Magda Teter has been appointed the Jeremy Zwelling Associate Professor of Jewish Studies. Teter is a scholar of Jewish history and early modern Europe, focuses on the multifaceted topic of Jewish-Christian relations, especially in the religious and cultural history of Poland. Her work has been supported by the Harry Frank Guggenheim Foundation, the Memorial Foundation for Jewish Culture, YIVO Institute, and the Yad Ha-Nadiv Foundation (Israel), among others. In 2002, she was a Harry Starr Fellow in Jewish Studies at Harvard University, and in 2007-2008, an Emeline Bigelow Conland Fellow at the Radcliffe Institute for Advanced Studies also at Harvard University.
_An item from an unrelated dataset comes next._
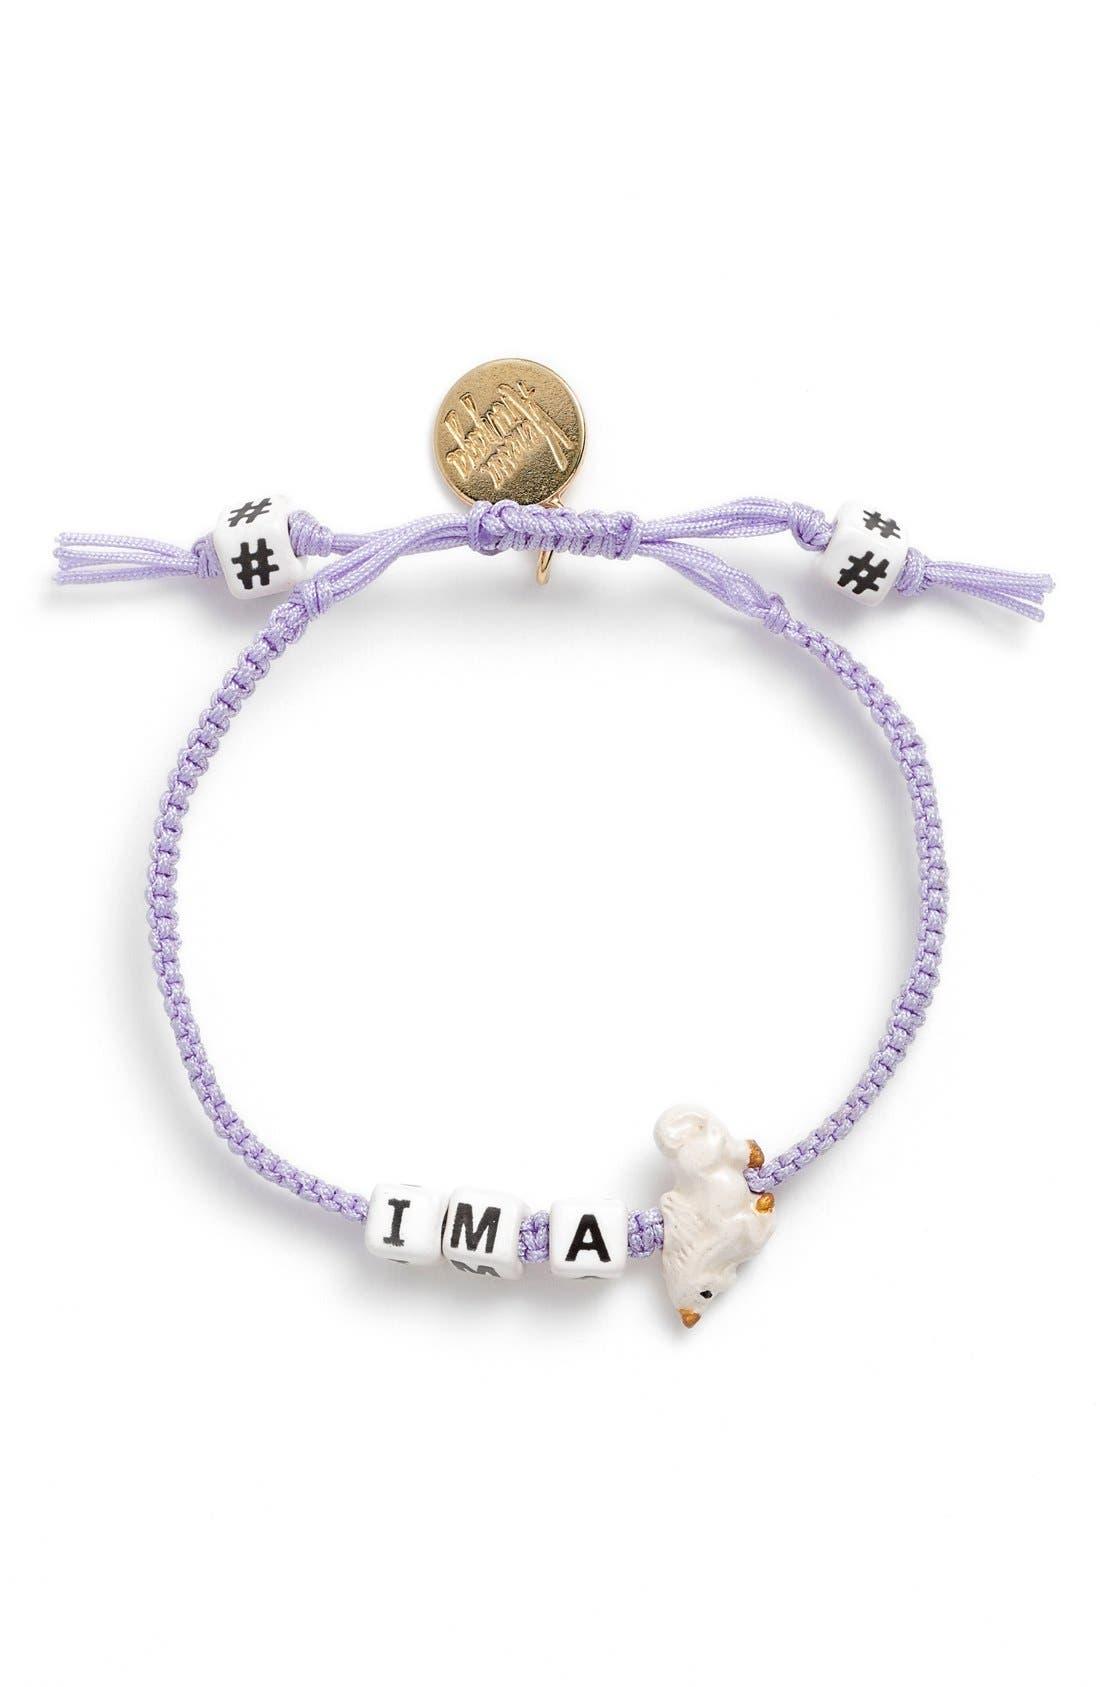 Alternate Image 1 Selected - Venessa Arizaga 'I'm a Unicorn' Bracelet

Her first book, Jews and Heretics in Catholic Poland: A Beleaguered Church in the Post-Reformation Era (Cambridge University Press, 2006) was awarded the Jewish Studies Publication Prize by the Koret Foundation. She is also author of From Bread to Blood, from Sin to Crime: Sacrilege and Jews after the Reformation (Harvard University Press, forthcoming) and editor, with Adam Teller, of Early Modern Poland: Borders and Boundaries, in Polin, v. 22 (Oxford: Littman Library of Jewish Civilization, 2009). She is author of more than 15 articles in English, Hebrew, and Polish, and has delivered more than 35 conference papers. She serves on the editorial board of The AJS Review, the Sixteenth Century Journal, and Polin. She received an M.A. from the School of Oriental Studies at the University of Warsaw, Poland, and her M.A., M.Phil., and Ph.D. from Columbia University.